The UV index sounds like a weather footnote most golfers skip past. It's actually the single most useful number for deciding how much sun protection your round really needs.
You check the temperature before a round. Maybe the wind. Most golfers in Canada never glance at the UV index, the number that actually tells you how dangerous the sun is that day. It's a strange blind spot, because unlike temperature, the UV index is the number most directly tied to skin damage, and it doesn't behave the way most people assume.
Here's what the UV index actually measures, how it's calculated, and why understanding it changes how you should think about sun protection on the course.
What is the UV index?
The UV index is a standardized scale, developed by the World Health Organization, that measures the strength of UV radiation reaching the ground at a given place and time. It runs from 0 (minimal, typically overnight or in heavy cloud) up to 11+ (extreme).
Unlike a temperature reading, the UV index isn't something you feel. You can be cold, windy, and even overcast and still be standing under a UV index of 7 or 8. This is the single biggest misconception about sun exposure, and it's the reason so many golfers get burned on days that didn't even feel hot.
UV index is calculated from the sun's angle in the sky, atmospheric ozone levels, altitude, and cloud cover, not from air temperature. A cool, overcast spring day can carry a higher UV index than people expect.
How the UV index scale breaks down
Health Canada and the WHO use the same general scale:
- 0–2 (Low) - minimal risk for the average person during normal outdoor activity
- 3–5 (Moderate) - some risk; protection recommended during midday hours
- 6–7 (High) - protection required; unprotected skin can begin to burn within 30–45 minutes
- 8–10 (Very High) - extra protection required; unprotected skin can burn in as little as 15–25 minutes
- 11+ (Extreme) - take all precautions; unprotected skin can burn in under 15 minutes
For context: a five-hour golf round played entirely within a Very High or Extreme UV index window represents many multiples of the time it takes unprotected skin to start burning, all before you've reached the back nine.
What actually drives the UV index up or down
Solar angle. The sun's position in the sky is the single biggest factor. UV index peaks when the sun is most directly overhead, generally between 10am and 4pm, and is highest in the weeks around the summer solstice.
Altitude. UV radiation increases roughly 4% for every 300 meters of elevation gain, because there's less atmosphere to filter it out. Many golf courses, including several in the Okanagan, sit at meaningful elevation, which pushes their effective UV index higher than a sea-level reading would suggest.
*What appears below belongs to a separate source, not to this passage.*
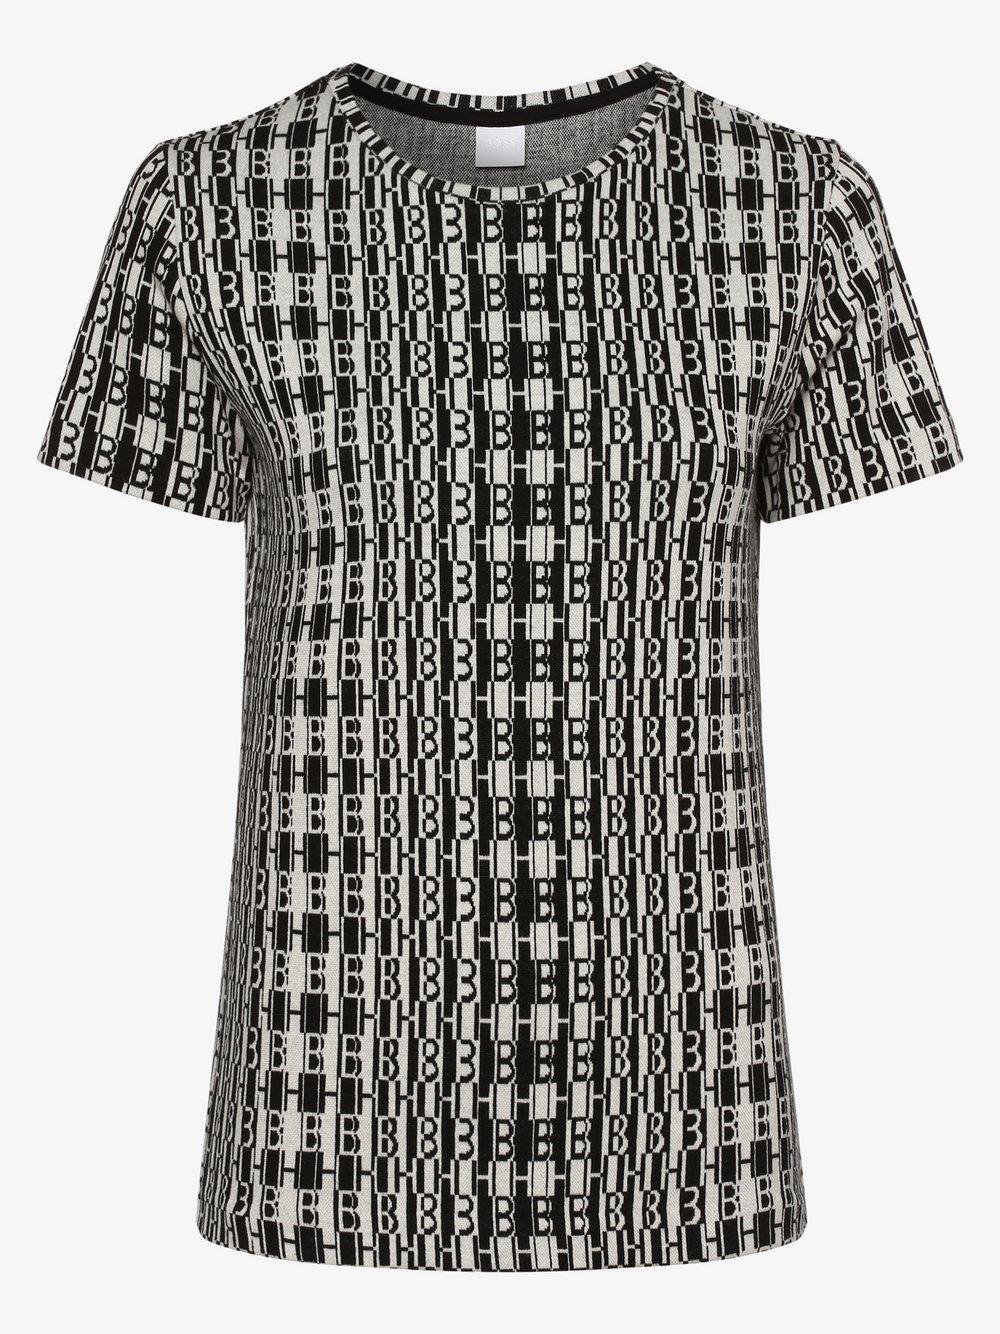 BOSS Casual – Koszulka damska – Tafil, czarny Van Graaf 461097-0001-09970

Cloud cover. Thin or scattered cloud barely reduces UV exposure, and in some cases can scatter UV radiation in ways that increase exposure at ground level. Only thick, consistent cloud cover meaningfully lowers UV index. This is why "it's overcast, I don't need protection" is one of the most common and costly assumptions golfers make.
Reflective surfaces. Water, sand, and even bright fairway turf reflect a portion of UV radiation back upward, increasing total exposure beyond what direct sunlight alone would suggest. A round near water features or through open, sun-bleached terrain carries more reflected UV than a shaded parkland course.
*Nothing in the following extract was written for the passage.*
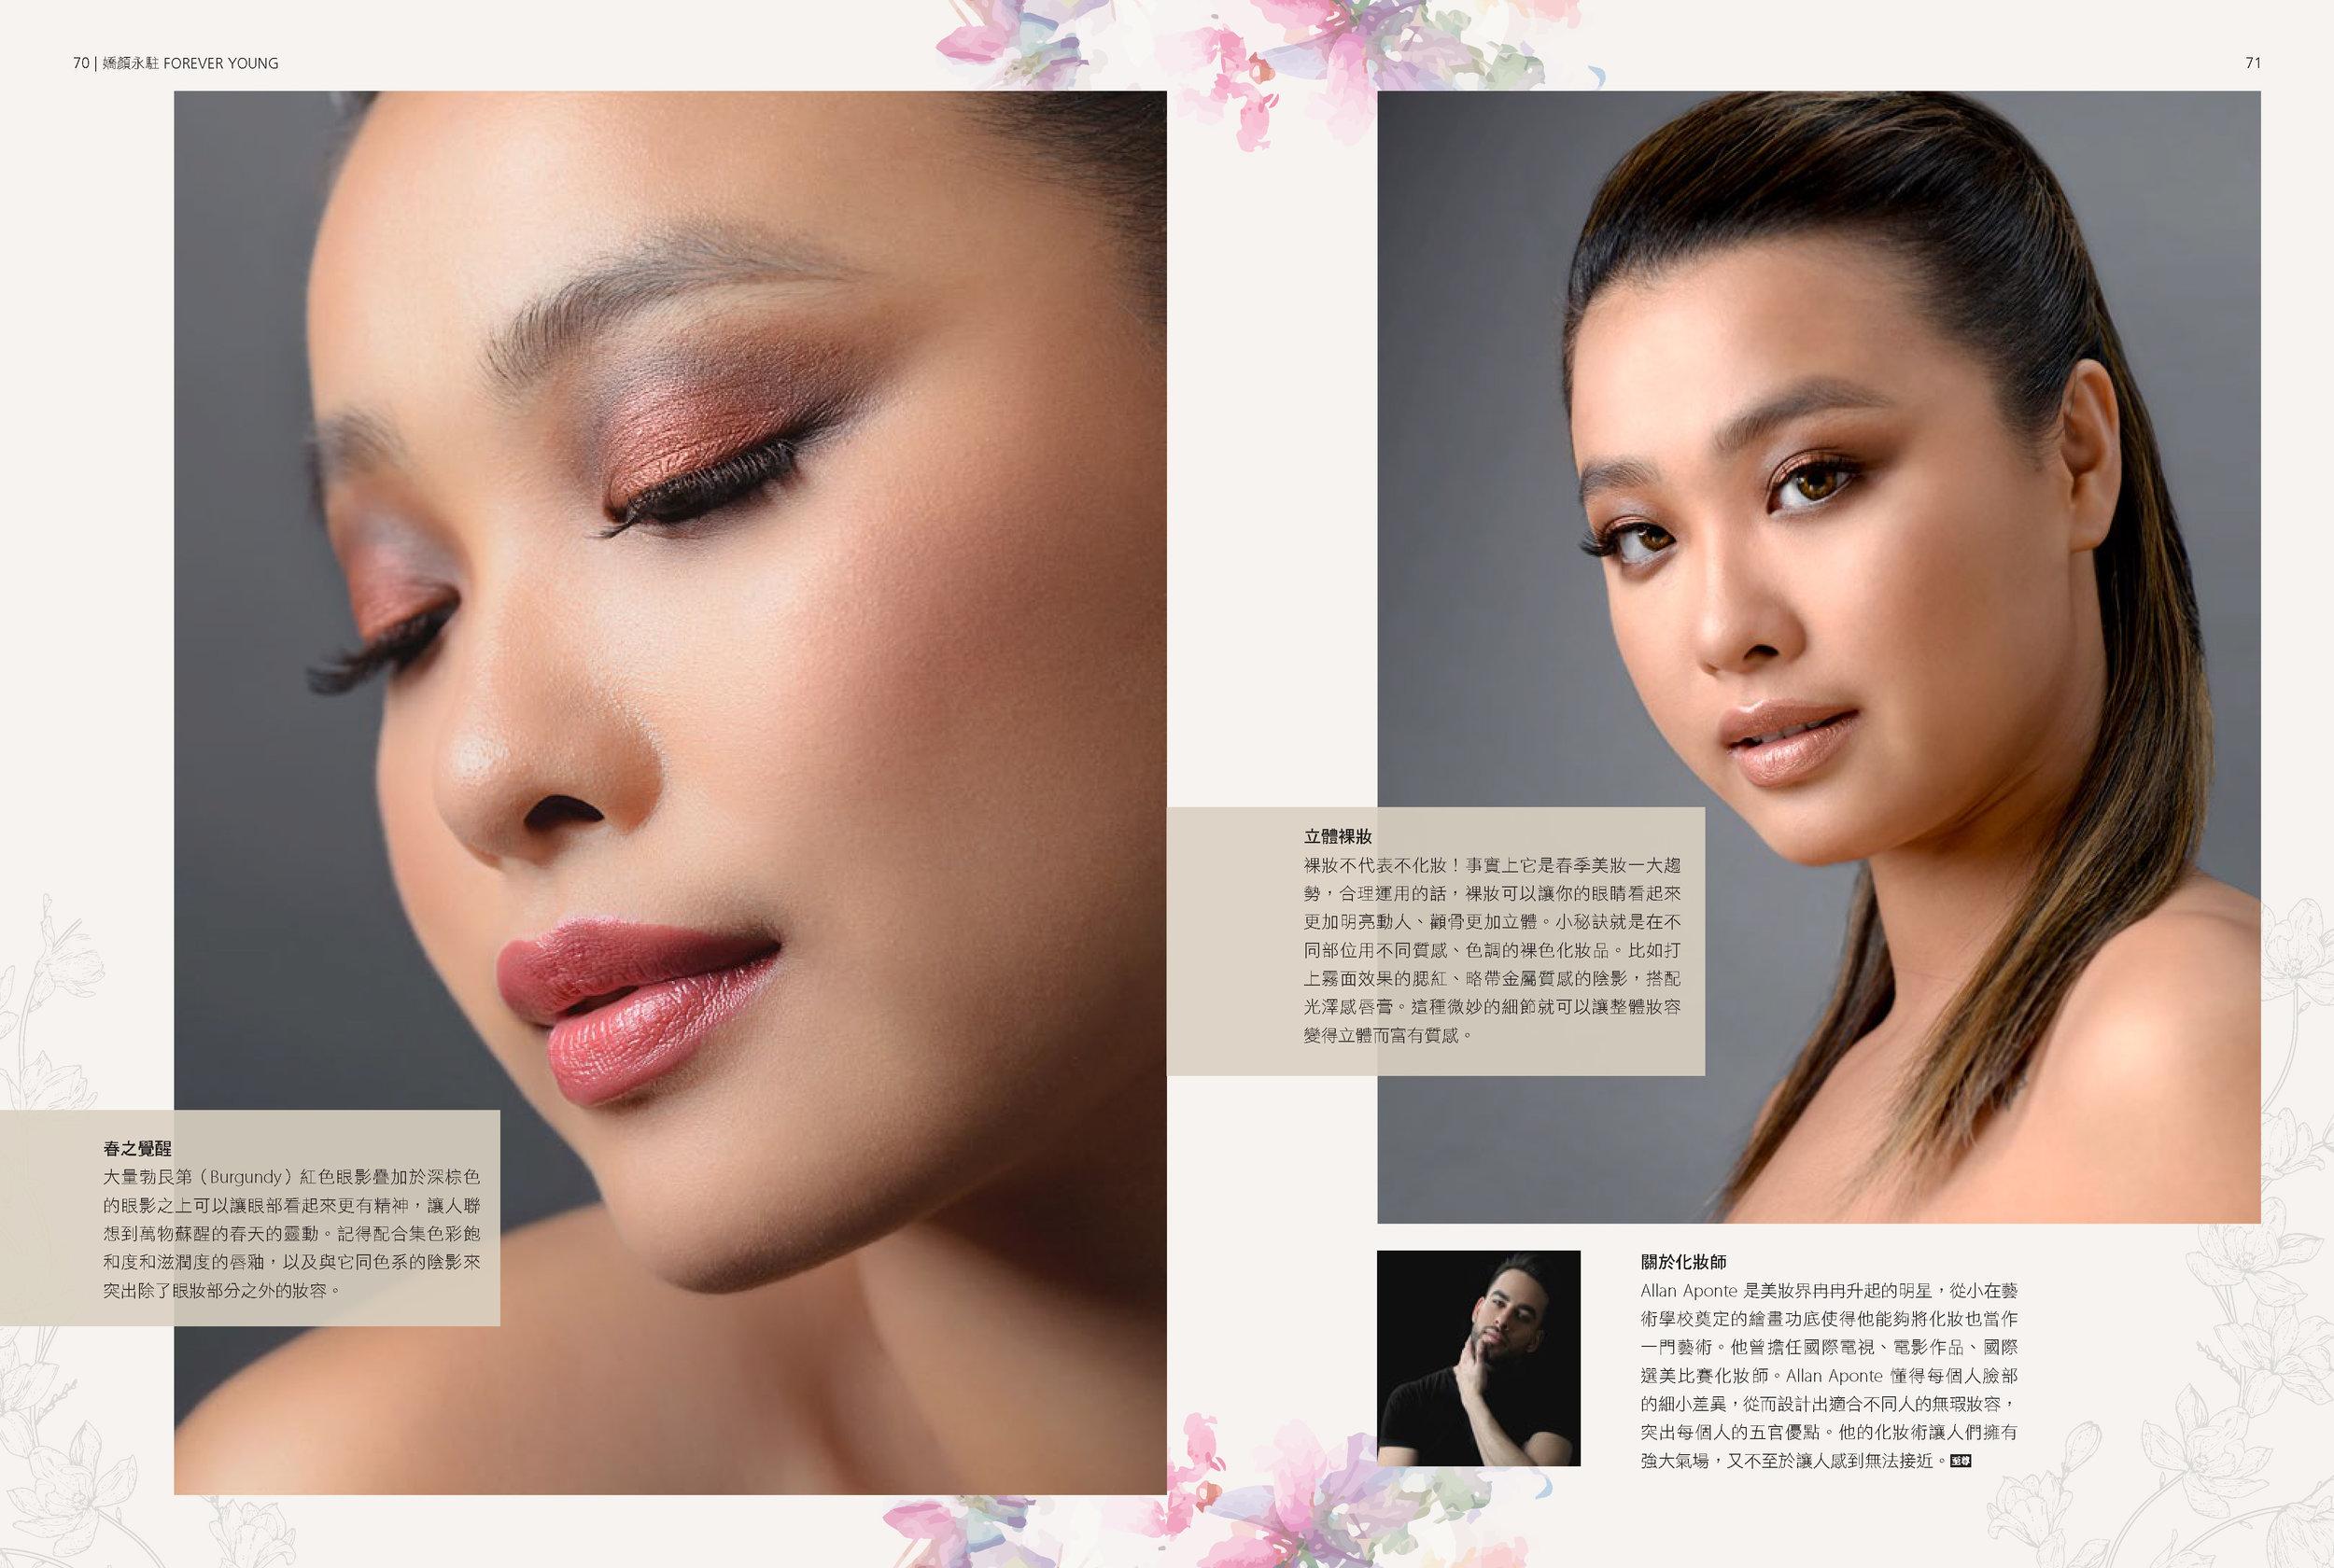 Pure Luxury Magazine - MarApr 2019-Makeup by Allan Aponte, photos by Andrew Werner 2.jpg

Why the UV index matters more in Canada than people assume
Canada's cold-weather reputation leads to a persistent and costly underestimation of UV risk. But UV index isn't a function of how warm a place feels; it's a function of sun angle, atmosphere, and elevation.
The Okanagan Valley, one of Canada's only true desert climates and home to Enjoy the Vu, regularly records UV index values of 8 to 10+ on summer afternoons. That places a typical July round in Penticton or Kelowna solidly in Very High territory, the same exposure category as parts of the southern United States during peak summer.
Southern Ontario, the southern prairies, and coastal BC all see UV index values of 7 to 9 through peak golf season as well. The number that should be driving your sun protection decisions isn't the temperature on your phone's weather app. It's the UV index sitting just below it.
How to actually use the UV index before you tee off
Most weather apps display the UV index alongside the standard forecast, usually as a number between 0 and 11+. Before a round, check it the same way you'd check the chance of rain.
If the forecast shows UV index 6 or above, which covers the majority of Canadian summer golf days, treat sun protection as non-negotiable rather than optional. That means UPF-rated clothing for your arms and torso, a wide-brim hat for your face and neck, and broad-spectrum sunscreen for whatever skin is left exposed.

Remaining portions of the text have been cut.